MATERIAL SUPPLIED |
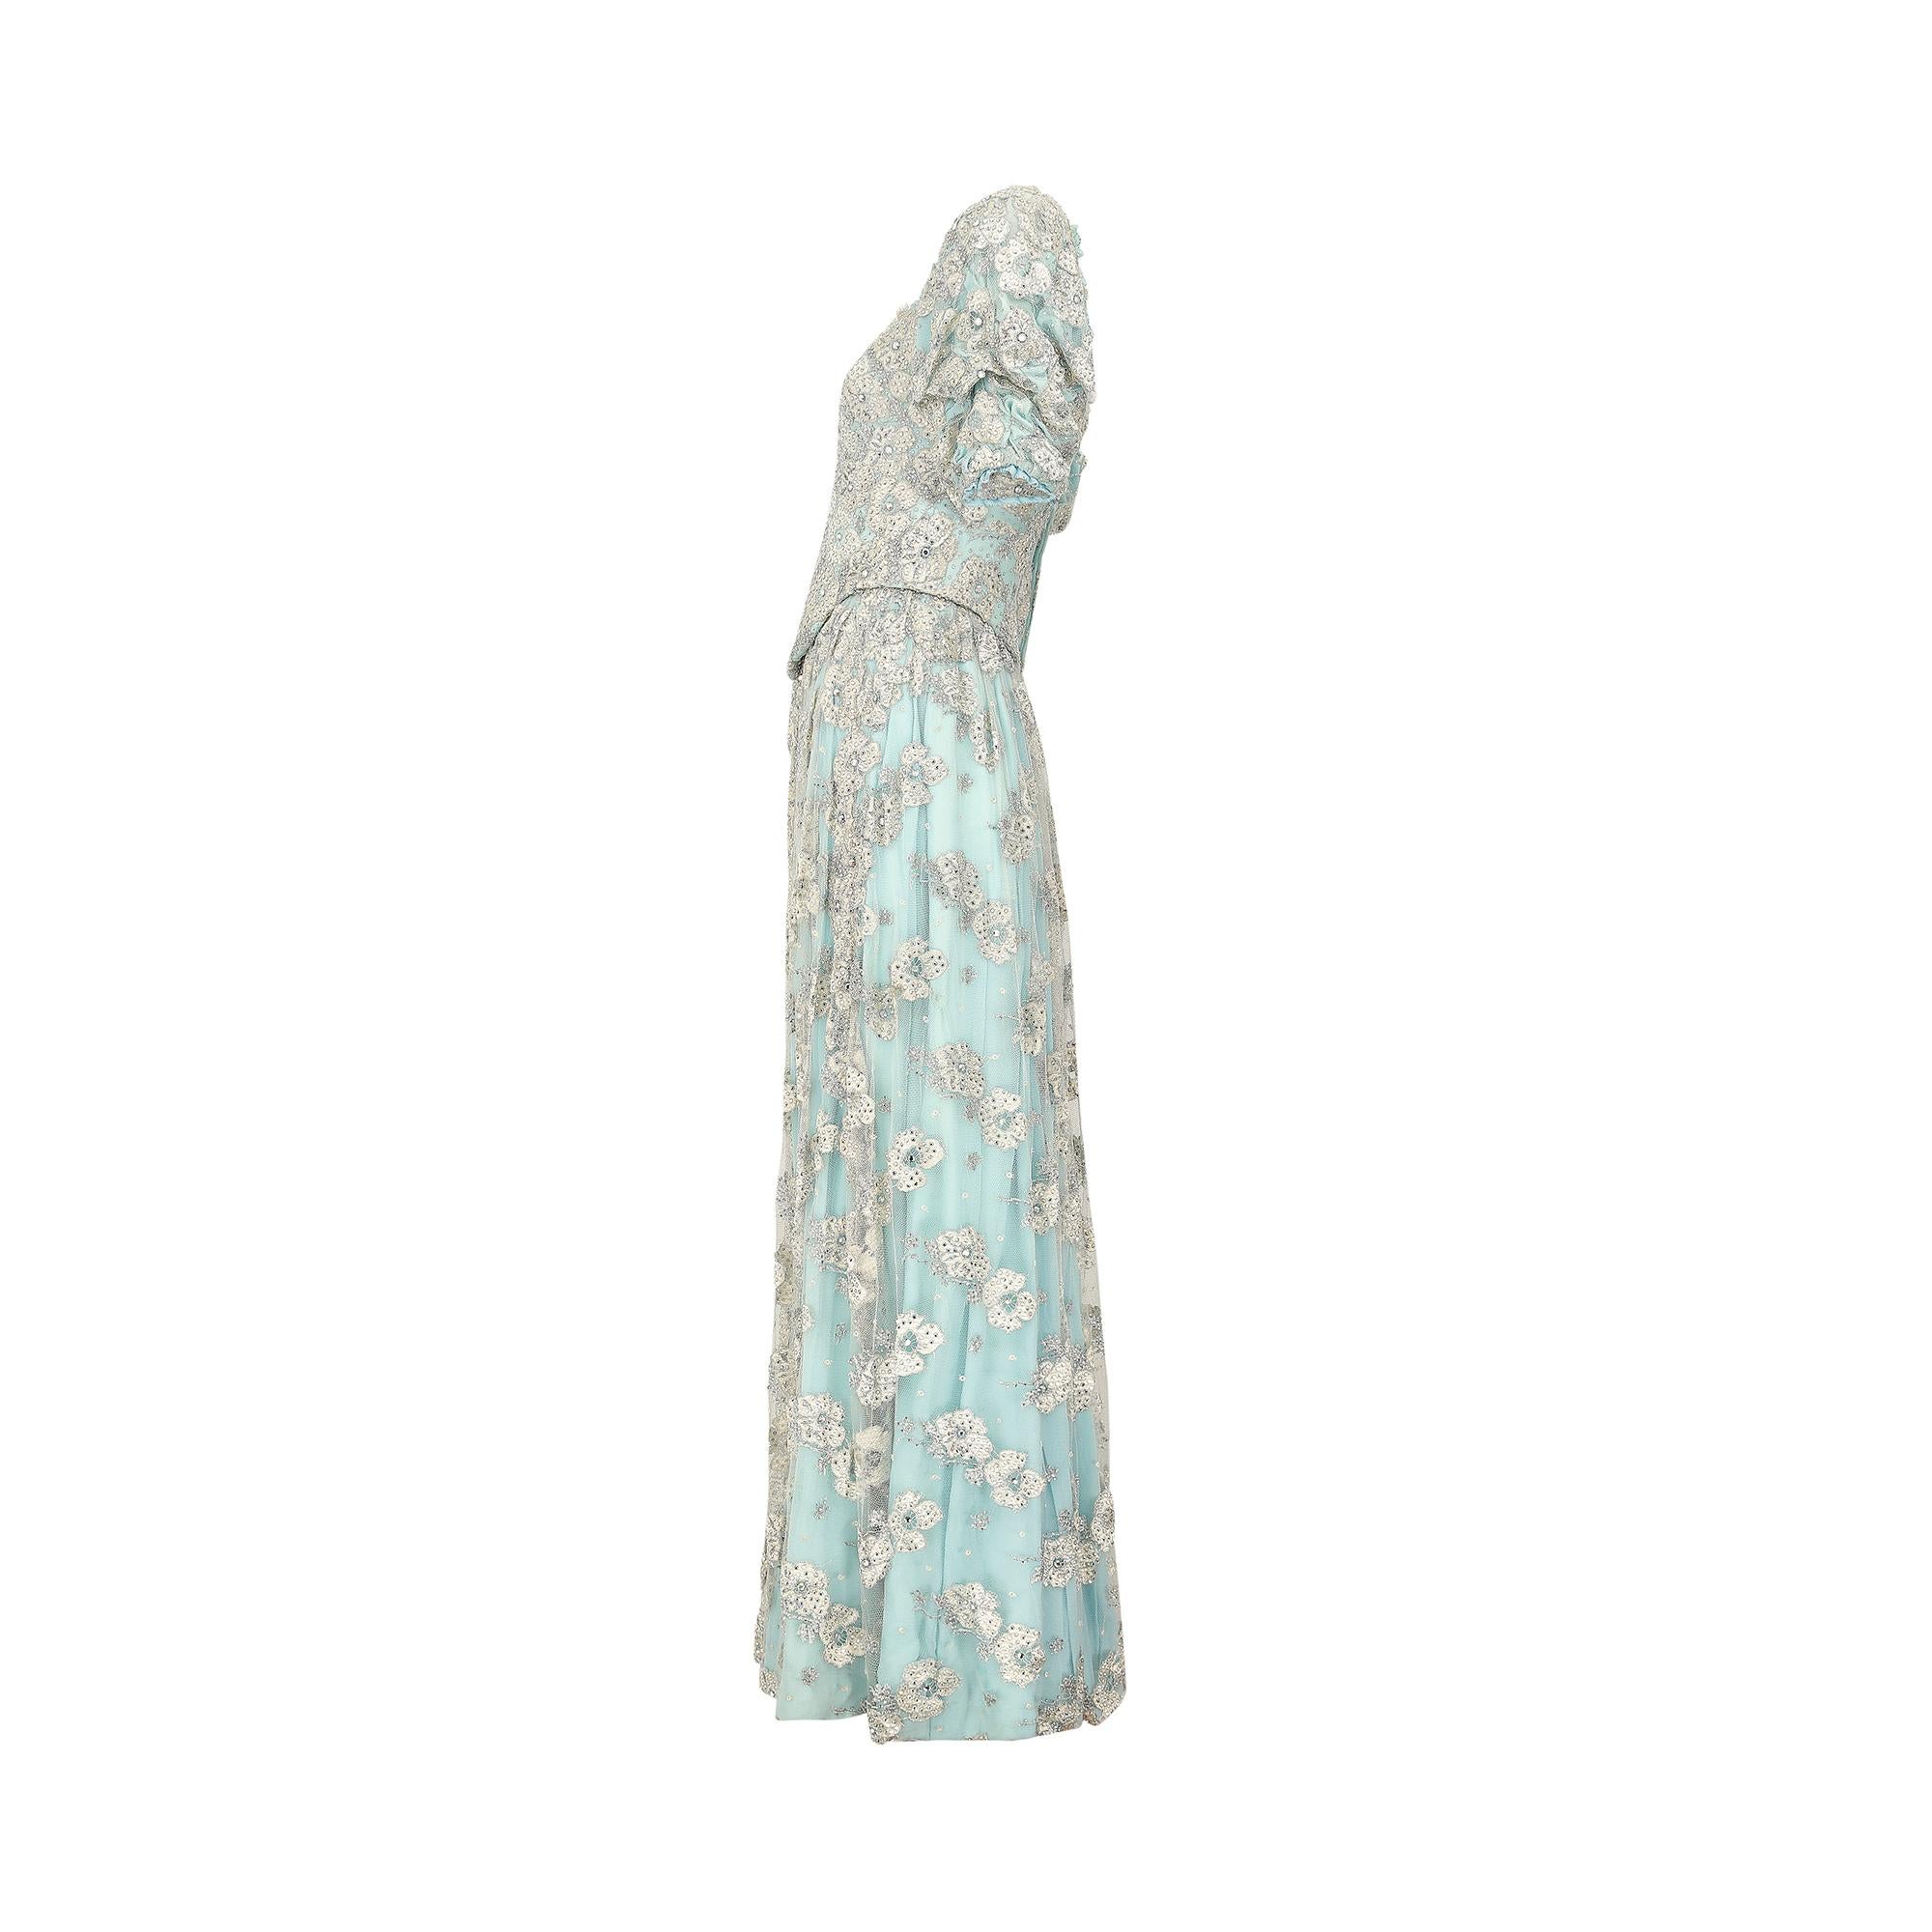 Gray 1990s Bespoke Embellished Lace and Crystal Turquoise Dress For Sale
...
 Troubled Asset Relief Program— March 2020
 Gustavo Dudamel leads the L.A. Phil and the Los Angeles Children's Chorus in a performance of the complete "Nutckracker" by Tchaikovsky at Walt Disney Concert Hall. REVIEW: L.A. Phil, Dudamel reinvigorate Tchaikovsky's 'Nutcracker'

TASK DETAILS |
Go through the material above and output exactly the lines from the one containing "Troubled Asset Relief Program— March 2020" through the one containing "Gustavo Dudamel leads".

ANSWER SECTION |
 Troubled Asset Relief Program— March 2020
 Gustavo Dudamel leads the L.A. Phil and the Los Angeles Children's Chorus in a performance of the complete "Nutckracker" by Tchaikovsky at Walt Disney Concert Hall. REVIEW: L.A. Phil, Dudamel reinvigorate Tchaikovsky's 'Nutcracker'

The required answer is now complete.